Let’s look at some linear data first:

>>> rng = np.random.default_rng()
>>> x = np.linspace(-1, 1, num=100)
>>> y = x + 0.3 * rng.random(x.size)


The simulation relationship can be plotted below:

>>> mgc_plot(x, y, "Linear", only_viz=True)


Now, we can see the test statistic, p-value, and MGC map visualized below. The optimal scale is shown on the map as a red “x”:

>>> stat, pvalue, mgc_dict = multiscale_graphcorr(x, y)
>>> print("MGC test statistic: ", round(stat, 1))
MGC test statistic:  1.0
>>> print("P-value: ", round(pvalue, 1))
P-value:  0.0
>>> mgc_plot(x, y, "Linear", mgc_dict, only_mgc=True)


It is clear from here, that MGC is able to determine a relationship between the input data matrices because the p-value is very low and the MGC test statistic is relatively high.
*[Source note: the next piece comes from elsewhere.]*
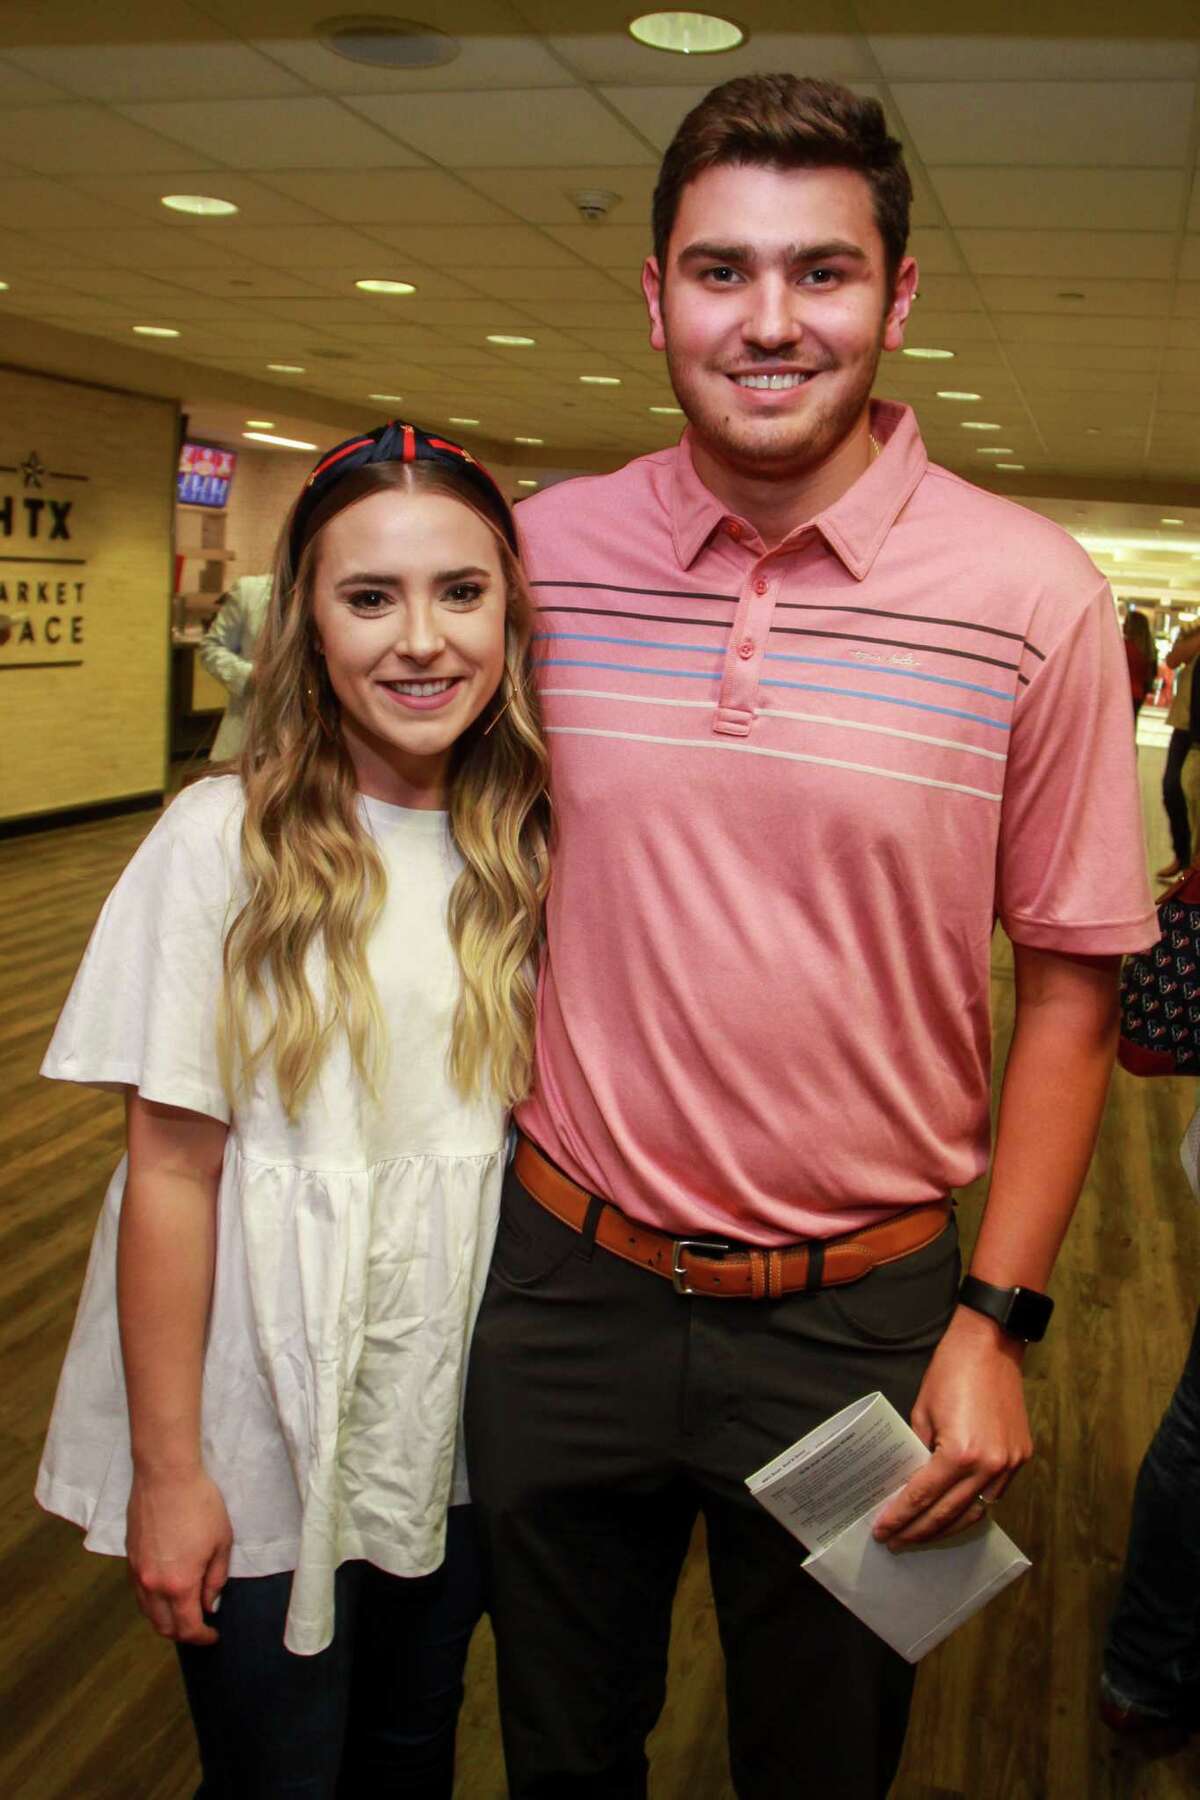 Dallas and Court Brown at Today's Harbor for Children's annual Fantasy Football Draft at NRG Stadium on September 4, 2019.

The MGC-map indicates a strongly linear relationship. Intuitively, this is because having more neighbors will help in identifying a linear relationship between $$x$$ and $$y$$. The optimal scale in this case is equivalent to the global scale, marked by a red spot on the map.

The same can be done for nonlinear data sets. The following $$x$$ and $$y$$ arrays are derived from a nonlinear simulation:

>>> unif = np.array(rng.uniform(0, 5, size=100))
>>> x = unif * np.cos(np.pi * unif)
>>> y = unif * np.sin(np.pi * unif) + 0.4 * rng.random(x.size)


The simulation relationship can be plotted below:

>>> mgc_plot(x, y, "Spiral", only_viz=True)


Now, we can see the test statistic, p-value, and MGC map visualized below. The optimal scale is shown on the map as a red “x”:

>>> stat, pvalue, mgc_dict = multiscale_graphcorr(x, y)
>>> print("MGC test statistic: ", round(stat, 1))
MGC test statistic:  0.2  # random
>>> print("P-value: ", round(pvalue, 1))
P-value:  0.0
>>> mgc_plot(x, y, "Spiral", mgc_dict, only_mgc=True)


It is clear from here, that MGC is able to determine a relationship again because the p-value is very low and the MGC test statistic is relatively high. The MGC-map indicates a strongly nonlinear relationship. The optimal scale in this case is equivalent to the local scale, marked by a red spot on the map.